Concrètement, ce mécanisme permet d’agir plus vite sur les dépenses courantes, tout en gardant un minimum de discipline interne. Pour une collectivité, un établissement public ou une structure soumise au code, le gain principal tient à la réactivité et à la simplicité de traitement.
Points de vigilance et erreurs courantes à éviter
La première erreur consiste à confondre le seuil de dispense de publicité et de mise en concurrence avec les seuils européens.

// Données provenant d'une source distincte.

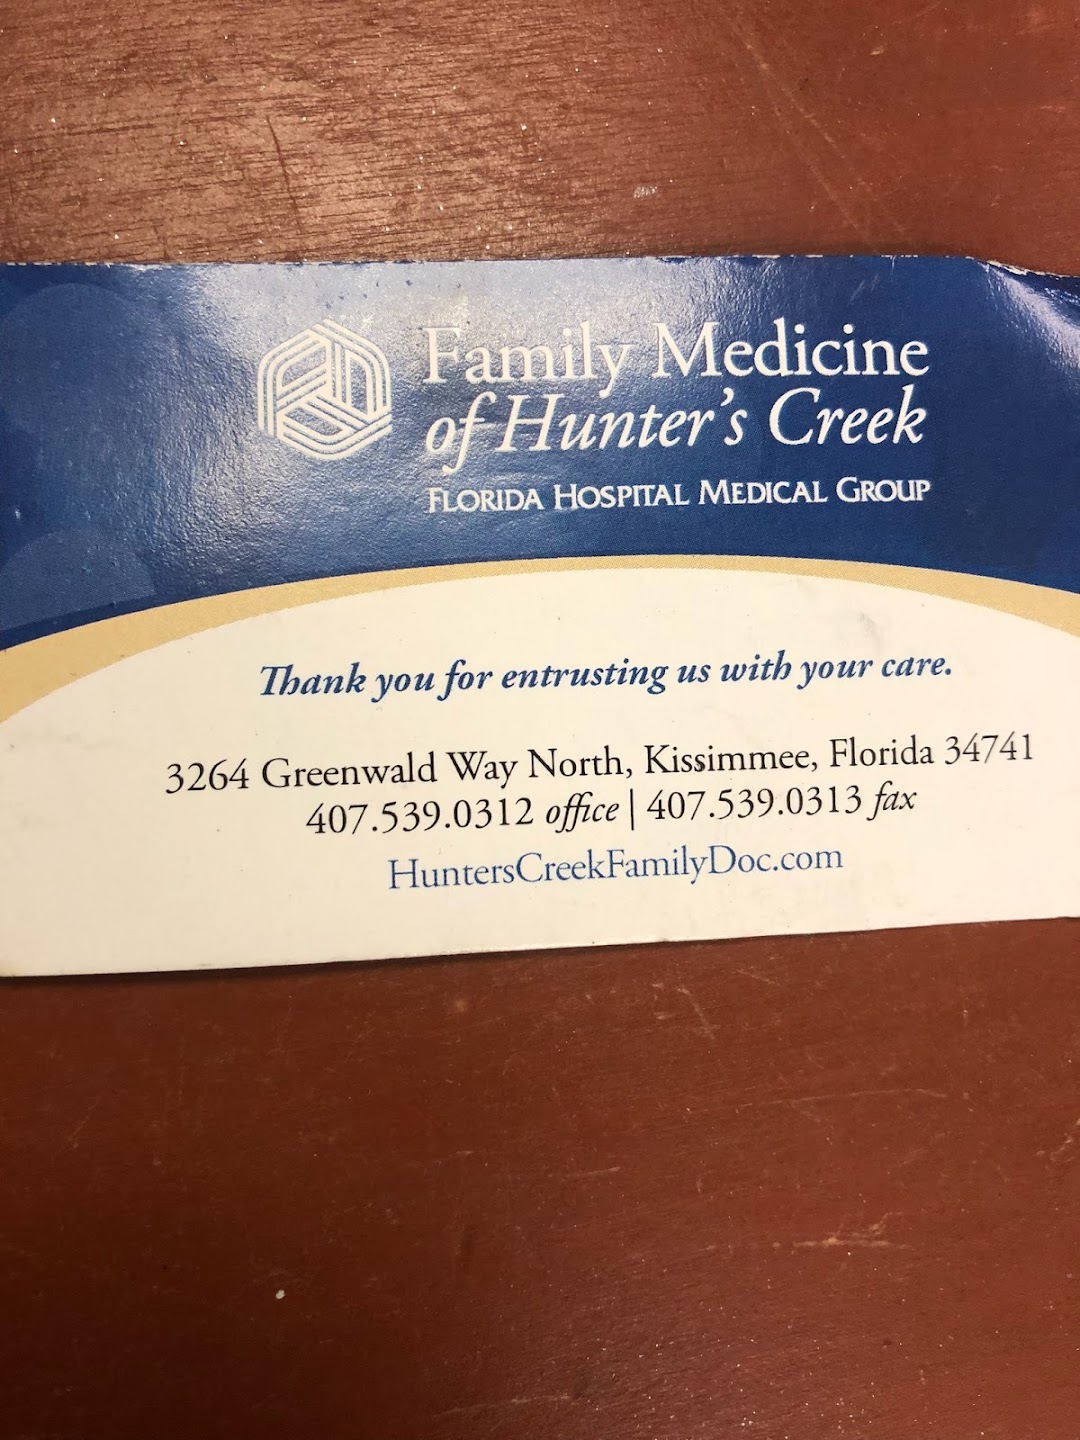 AdventHealth Medical Group Family Medicine at Hunters Creek
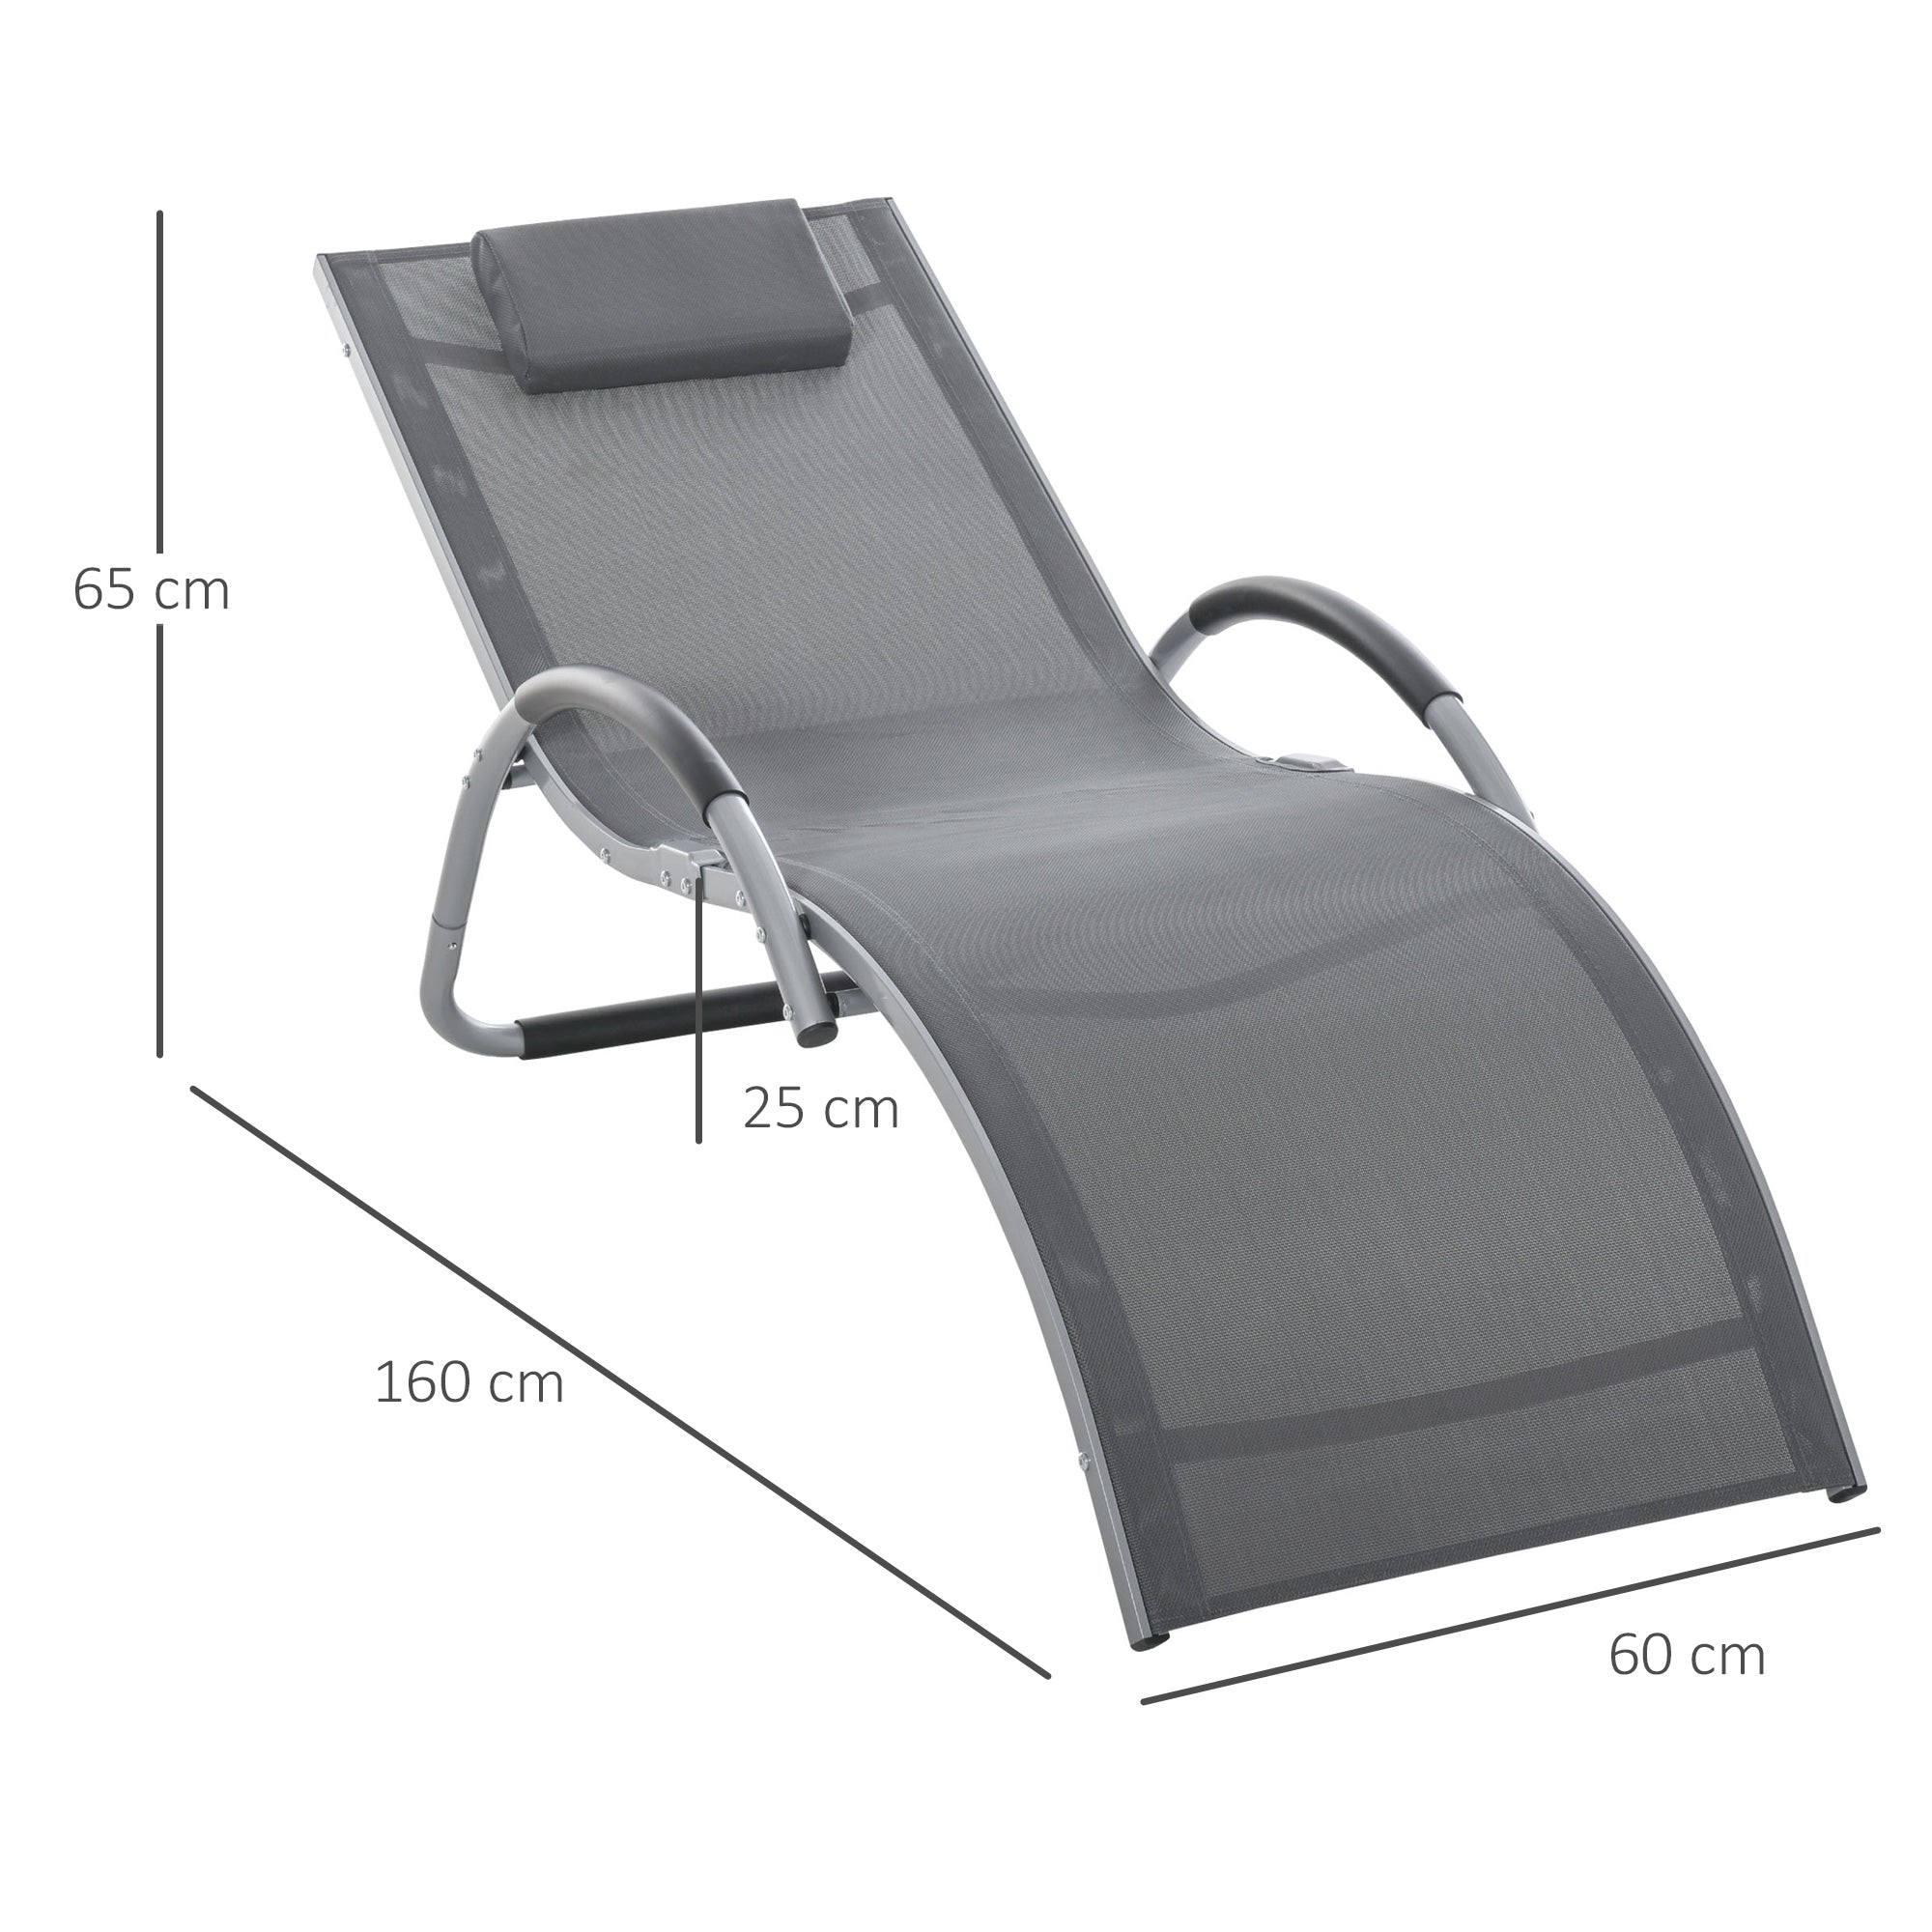 Outsunny Ergonomic Lounger Chair Portable Armchair with Removable Headrest Pillow for Garden Patio Outside All Aluminium Frame Dark Grey - Inspirely

Les seconds sont beaucoup plus élevés et déclenchent des procédures formalisées. Ils ne doivent pas être utilisés pour apprécier un achat de faible montant.
Deuxième point, la date d’application. Le seuil de 60 000 € HT pour les fournitures et services ne s’applique qu’à compter du 1er avril 2026. Avant cette échéance, il ne faut pas mélanger les régimes.
Troisième vigilance, le calcul doit toujours être fait en HT. Un raisonnement en TTC fausse l’analyse et peut conduire à une mauvaise qualification du marché. Le montant doit aussi être apprécié au regard de la valeur estimée du besoin, pas seulement du devis retenu.
Quatrième erreur fréquente, appliquer le seuil de 60 000 € HT aux travaux. Cette catégorie obéit à une règle distincte, avec un plafond de 100 000 € HT. Cinquième point, les lots. Si un lot semble sous le seuil mais que l’opération globale soulève une question d’allotissement, il faut relire le code avec attention.
Enfin, la simplification ne doit jamais faire oublier les principes de base. Une trace de la décision, une logique de choix cohérente et une comparaison, même légère, permettent d’acheter plus sereinement et de sécuriser le dossier.
En résumé, le régime sous seuil offre une vraie souplesse aux acheteurs publics, à condition de bien distinguer les catégories de besoins, les dates d’entrée en vigueur et les montants HT.